The pace is jittery and accelerated as the action jumps from screen to screen and this desperate wannabe influencer — Joaquin Phoenix’s Arthur Fleck or Robert DeNiro’s Rupert Pupkin with a better social-media game — encounters a motley crew of victims on a night-long trip around Los Angeles.

Mischa Barton and Frankie Grande show up as passengers, David Arquette as Kurt’s hapless DJ dad and Sasheer Zamata as a comedian who suddenly realizes that she doesn’t like being part of a culture where everything, including self-worth, is measured in followers and likes.
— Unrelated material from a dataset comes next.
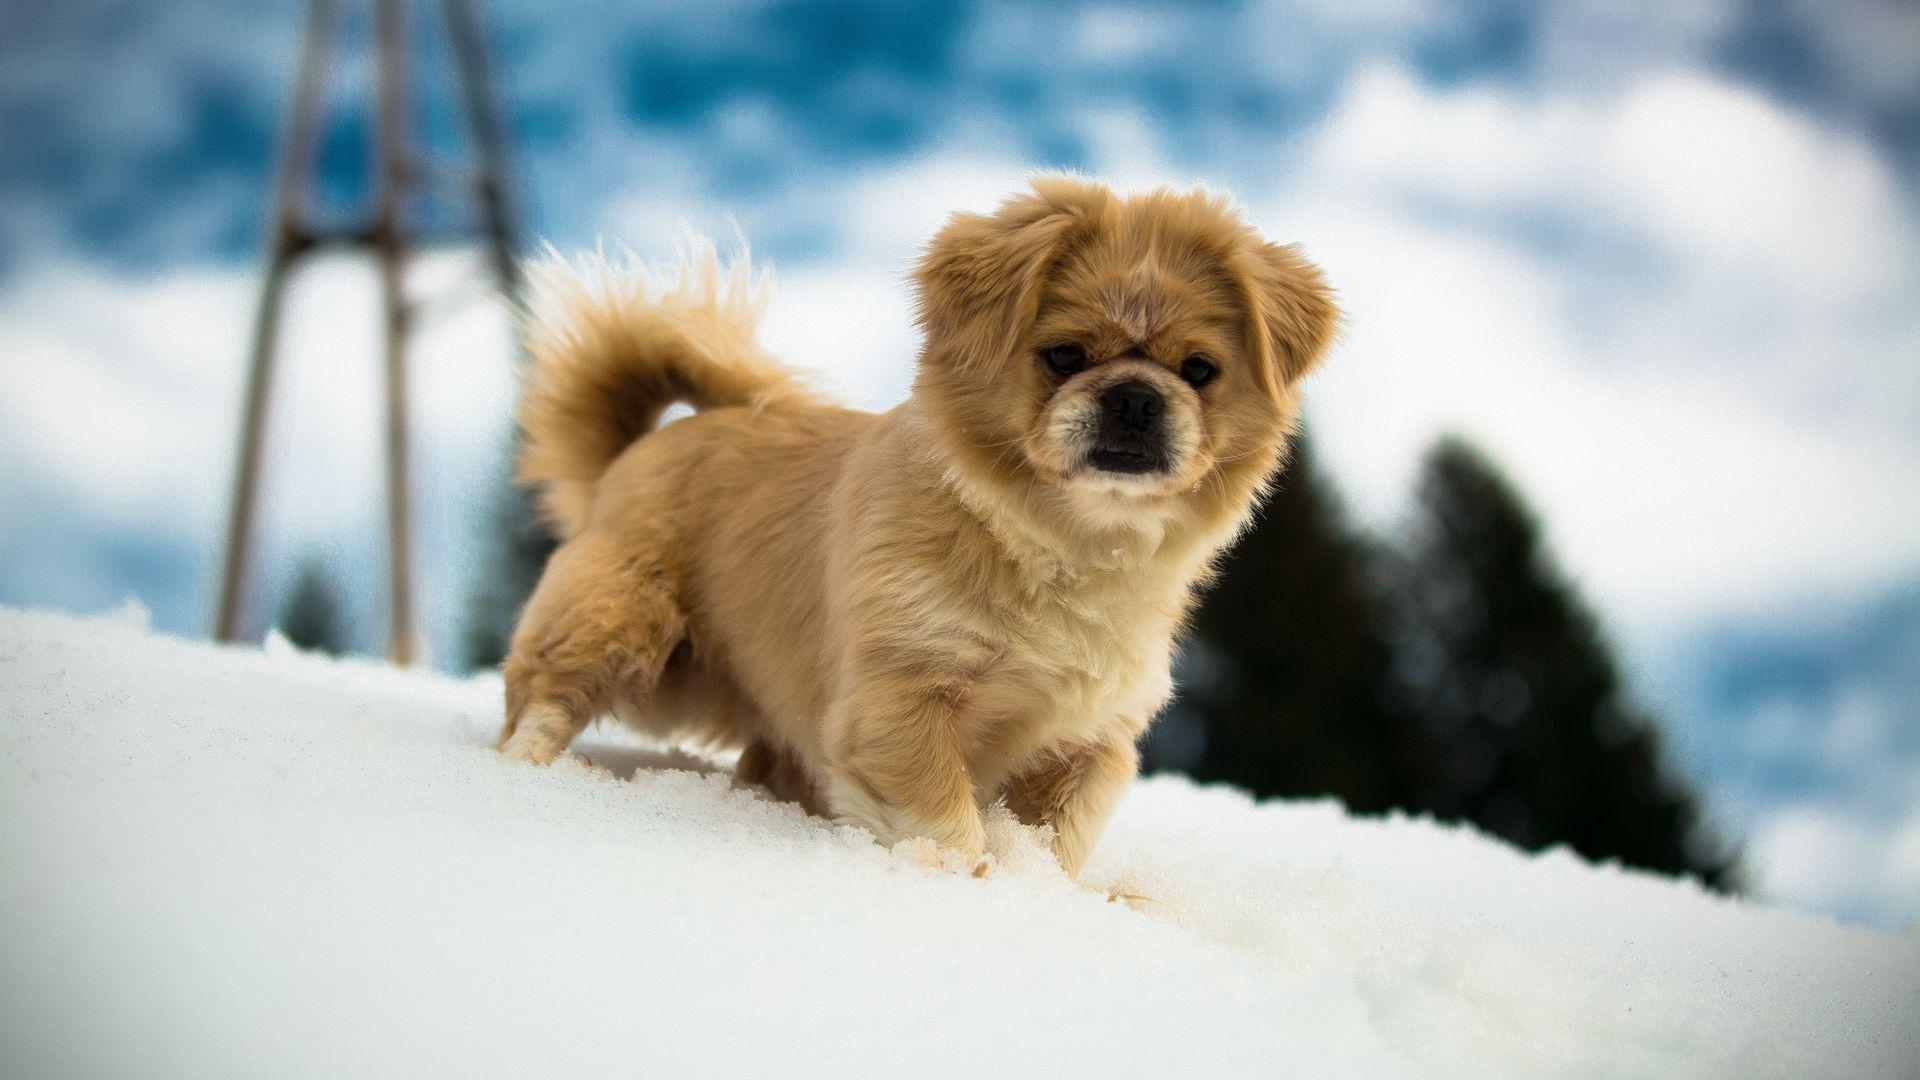 Little Puppy in Snow Wallpaper. Cute Puppy Wallpaper

The manic energy is appealing for a while, but at some point it gets wearying and the whole thing starts to feel a little aimless and, frankly, pretty stupid.

By the end, you can agree with some of the things the movie is saying — yes, some social-media influencers are awful people and nobody should ever aspire to be one — without finding anything particularly interesting in the gleefully ridiculous way they’re being said.